89:26,27   Davut RAB’bi Babası, Tanrısı ve sığınacağı Kaya olarak kabullenecekti. Tanrı bunun karşılığında O’nu ilk doğan, yeryüzündeki kralların en yücesi yapacaktı. Buradaki “ilk oğlum” ifadesi, bazen Meryem’in ilk Oğlu (Luk.7) anlamına gelebilir. Ama bu Davut için geçerli olamazdı, çünkü o Yesse’nin son doğan oğluydu. Burada “ilk” sözcüğü, ayetin devamında açıklanan, “Dünyadaki kralların en yücesi” olarak ilk onura sahip olma anlamındadır. Aynı şekilde Pavlus, Rab İsa’dan “bütün yaradılışın ilk doğanı” (Kol.1:15) olarak söz ettiğinde bu anlamı belirtiyordu. Bu ayetin anlamı, İsa’nın ilk yaratılan varlık olduğu değildir; bazı tarikatlar bu öğretişi benimser, ama bu ayetin anlamı, Rab İsa’nın bütün yaratılışın üstünde olduğudur.

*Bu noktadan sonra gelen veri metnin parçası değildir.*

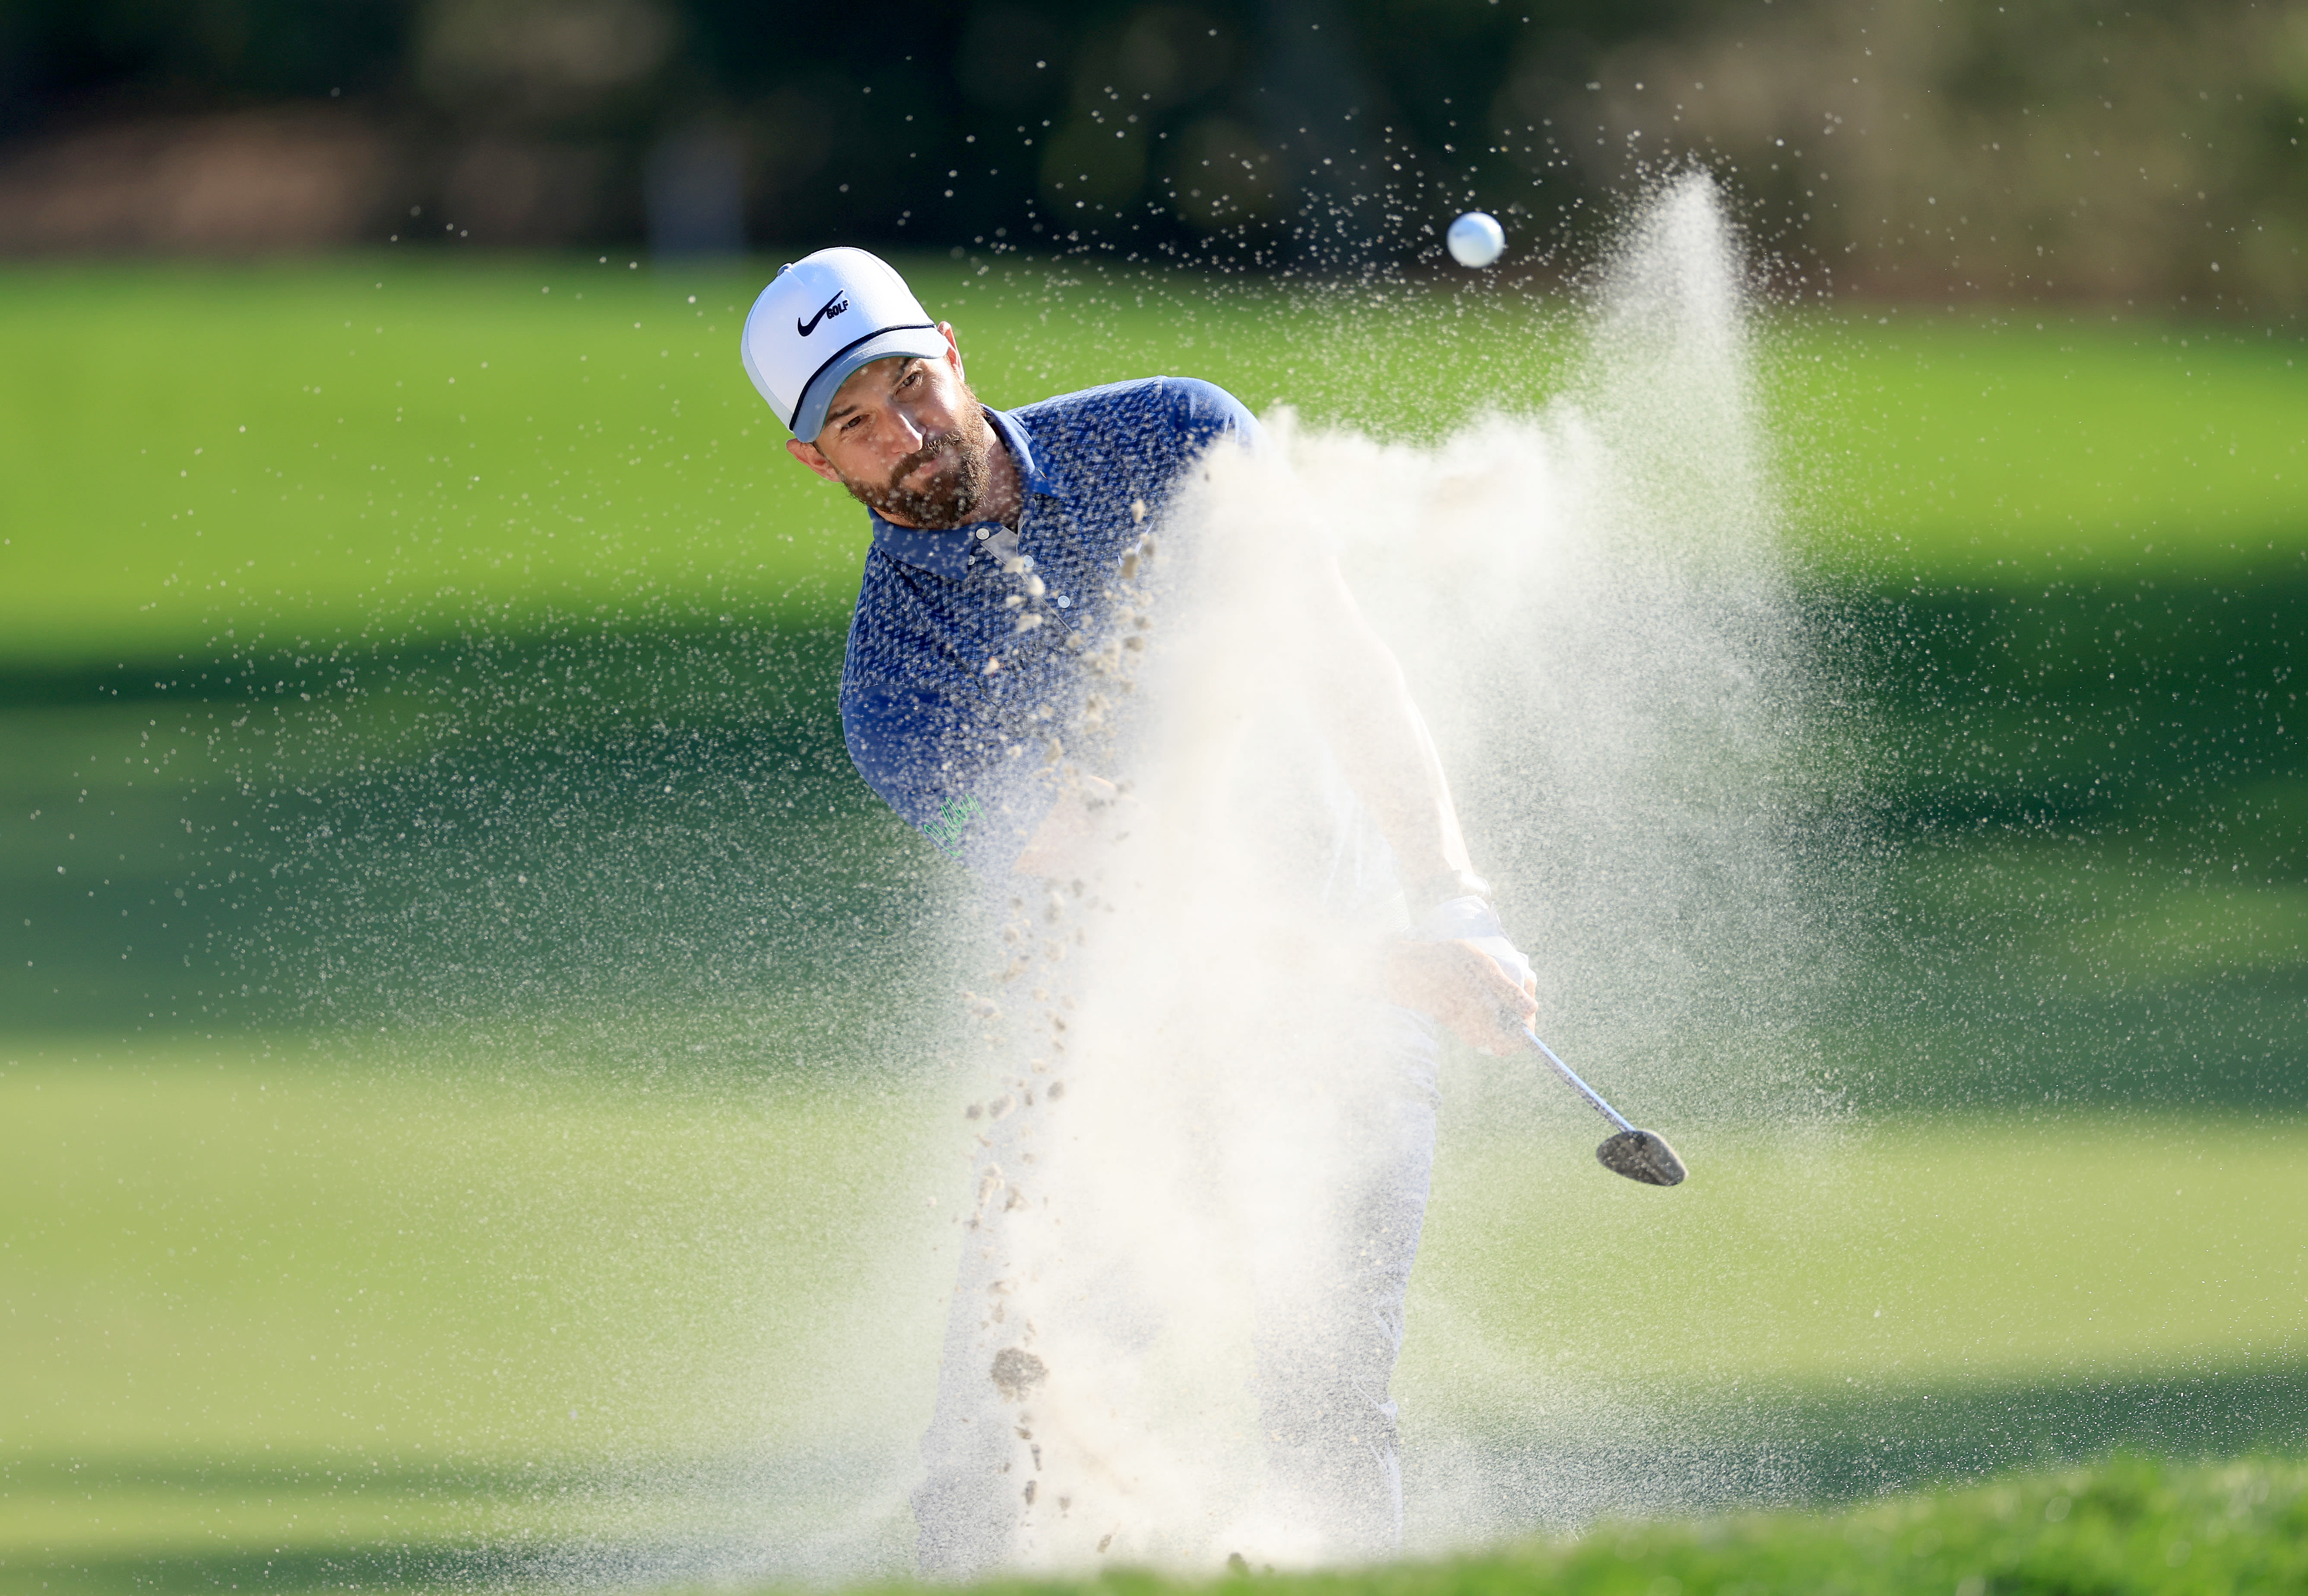 Greg Koch on the first hole during the second round of the 2023 Arnold Palmer Invitational in Orlando, Florida. (Photo by David Cannon/Getty Images)

89:28,29   Tanrı’nın Davut’a duyduğu sevgiyi hiçbir şey asla değiştiremeyecektir. Yine aynı şekilde, hiçbir şey onunla yaptığı antlaşmayı etkileyemeyecektir. Davut’un tahtı daima var olacak ve hanedanı sonsuza kadar sürecektir.

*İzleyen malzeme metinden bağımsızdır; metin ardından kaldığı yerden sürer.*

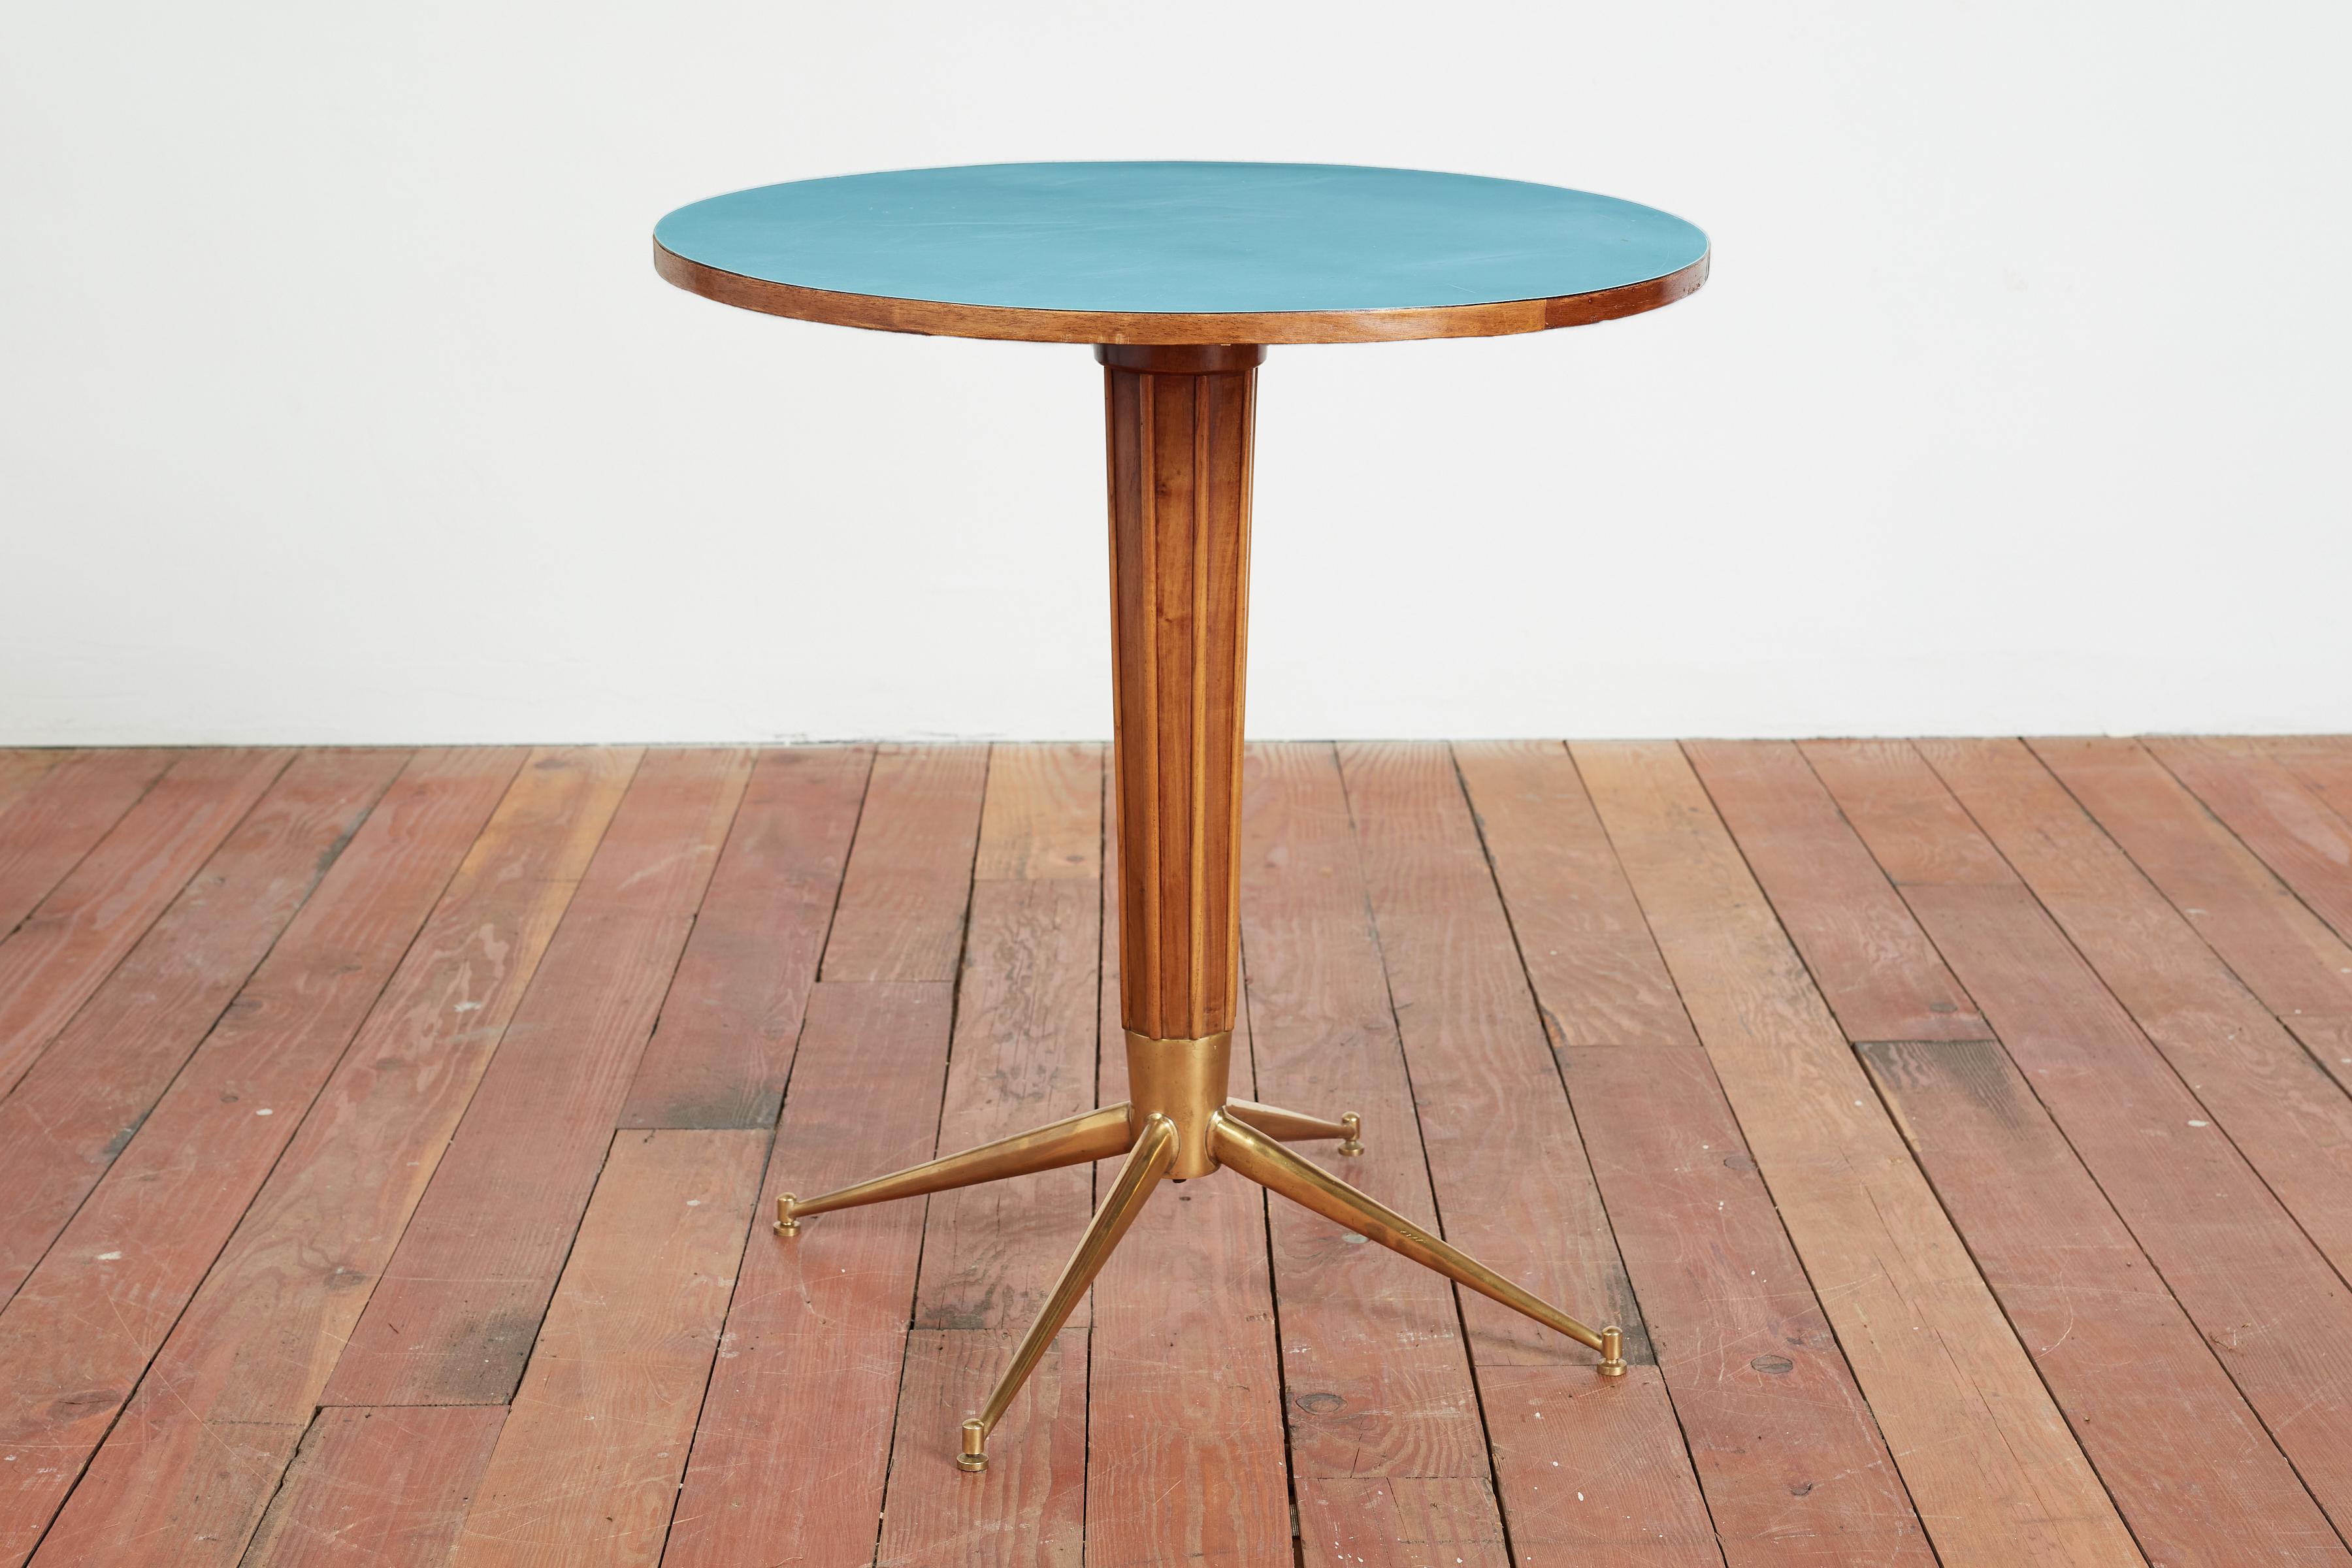 Wonderful pedestal table with fluted wood base, brass legs and original

89:30-32   Antlaşma, Davut’un oğulları günah işlediklerinde onların ceza görmesine engel olmayacaktı. Yasayı bozdukları zaman adalet yerine gelecekti. Tarihsel açıdan gerçekleşenler de bunlardı. Davut’un soyları RAB’be karşı sadakatsizlik ettiler ve O, onları sopayla ve Babil’deki sürgünlerinde dayakla azarladı.

89:33   Yine de antlaşma bozulmadı; krallığın ışığı her ne kadar bir süre için karartıldıysa ve Yeruşalim’de egemenlik süren kralın bulunmadığı dönemler yaşandıysa da, Tanrı yine de kraliyet tohumunu mucizevi biçimde koruyordu. Krallığını kendi zamanında yeniden kuracaktı.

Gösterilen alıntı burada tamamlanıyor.